Detecting Adversarial Example Using Ensemble Method on Deep Neural Network (딥뉴럴네트워크에서의 적대적 샘플에 관한 앙상블 방어 연구)

  • Kwon, Hyun;Yoon, Joonhyeok;Kim, Junseob;Park, Sangjun;Kim, Yongchul
    • Convergence Security Journal
    • /
    • v.21 no.2
    • /
    • pp.57-66
    • /
    • 2021
  • Deep neural networks (DNNs) provide excellent performance for image, speech, and pattern recognition. However, DNNs sometimes misrecognize certain adversarial examples. An adversarial example is a sample that adds optimized noise to the original data, which makes the DNN erroneously misclassified, although there is nothing wrong with the human eye.
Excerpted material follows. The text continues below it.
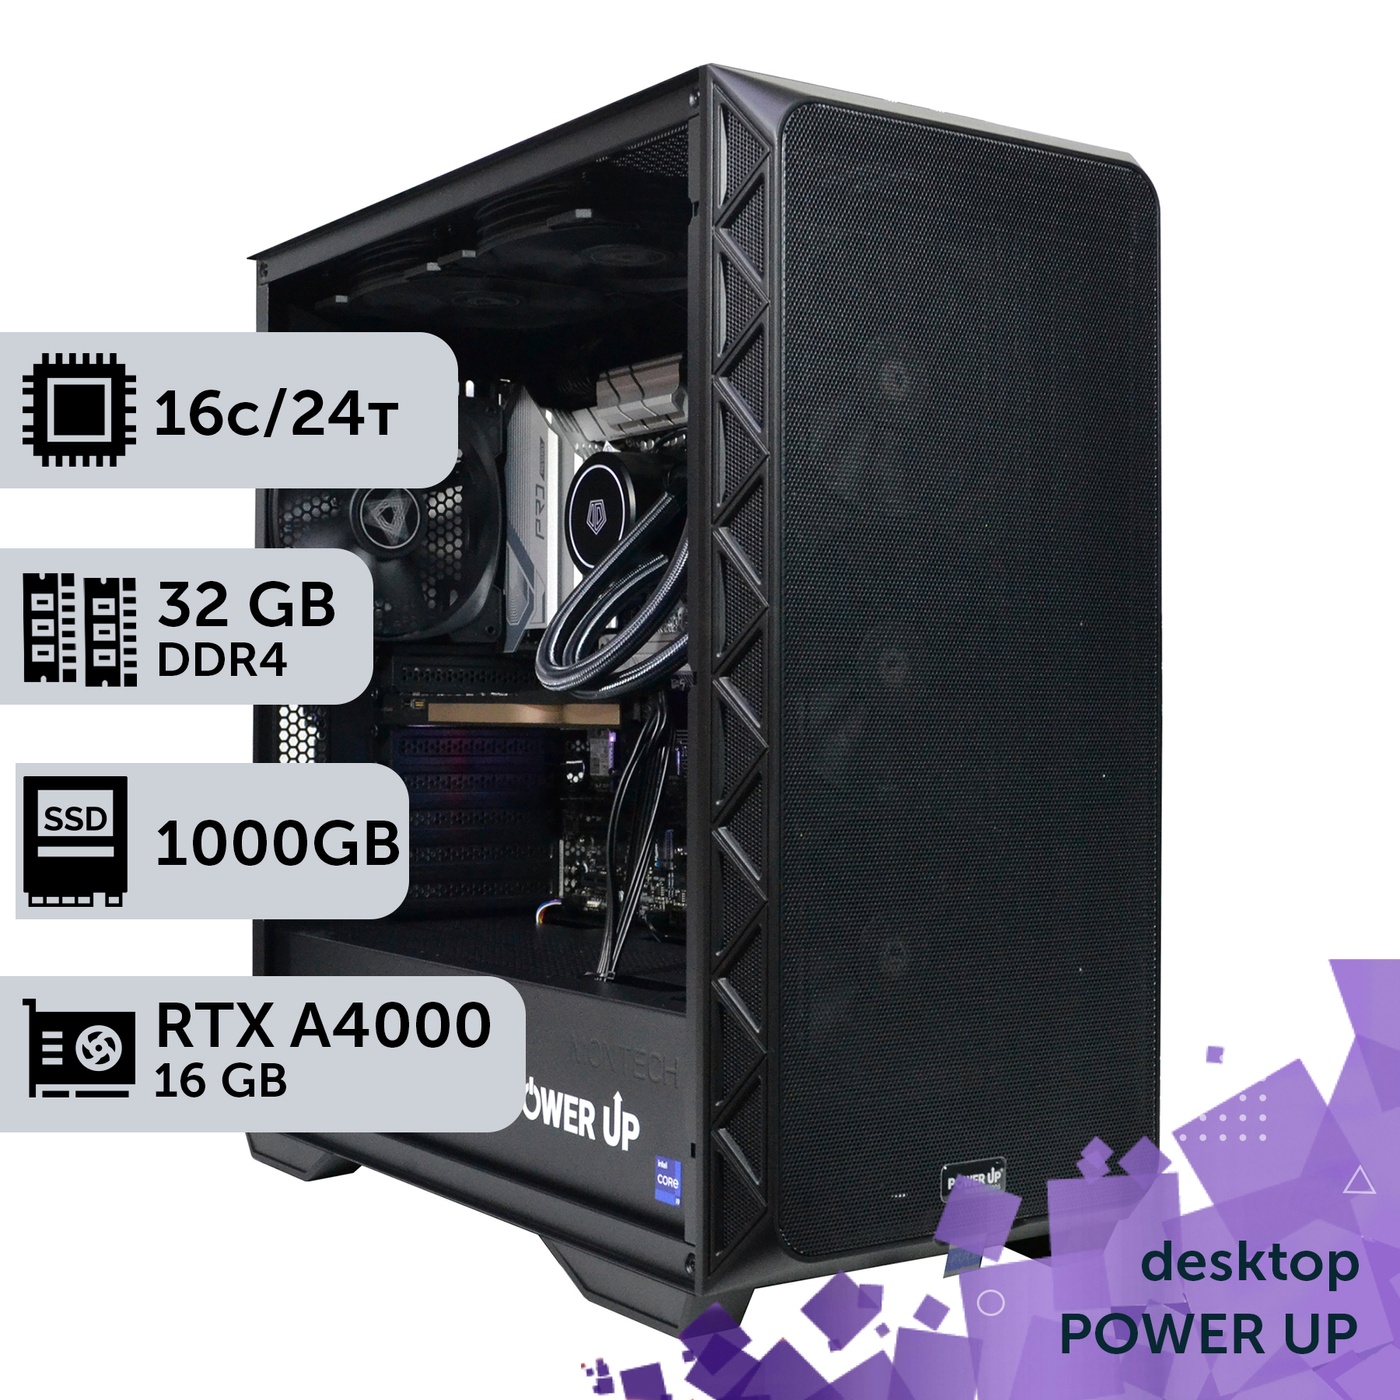 Рабочая станция PowerUp Desktop #239 Core i7 13700K/32 GB/SSD 1TB/NVIDIA Quadro RTX A4000 16GB

Therefore studies on defense against adversarial example attacks are required. In this paper, we have experimentally analyzed the success rate of detection for adversarial examples by adjusting various parameters. The performance of the ensemble defense method was analyzed using fast gradient sign method, DeepFool method, Carlini & Wanger method, which are adversarial example attack methods. Moreover, we used MNIST as experimental data and Tensorflow as a machine learning library. As an experimental method, we carried out performance analysis based on three adversarial example attack methods, threshold, number of models, and random noise. As a result, when there were 7 models and a threshold of 1, the detection rate for adversarial example is 98.3%, and the accuracy of 99.2% of the original sample is maintained.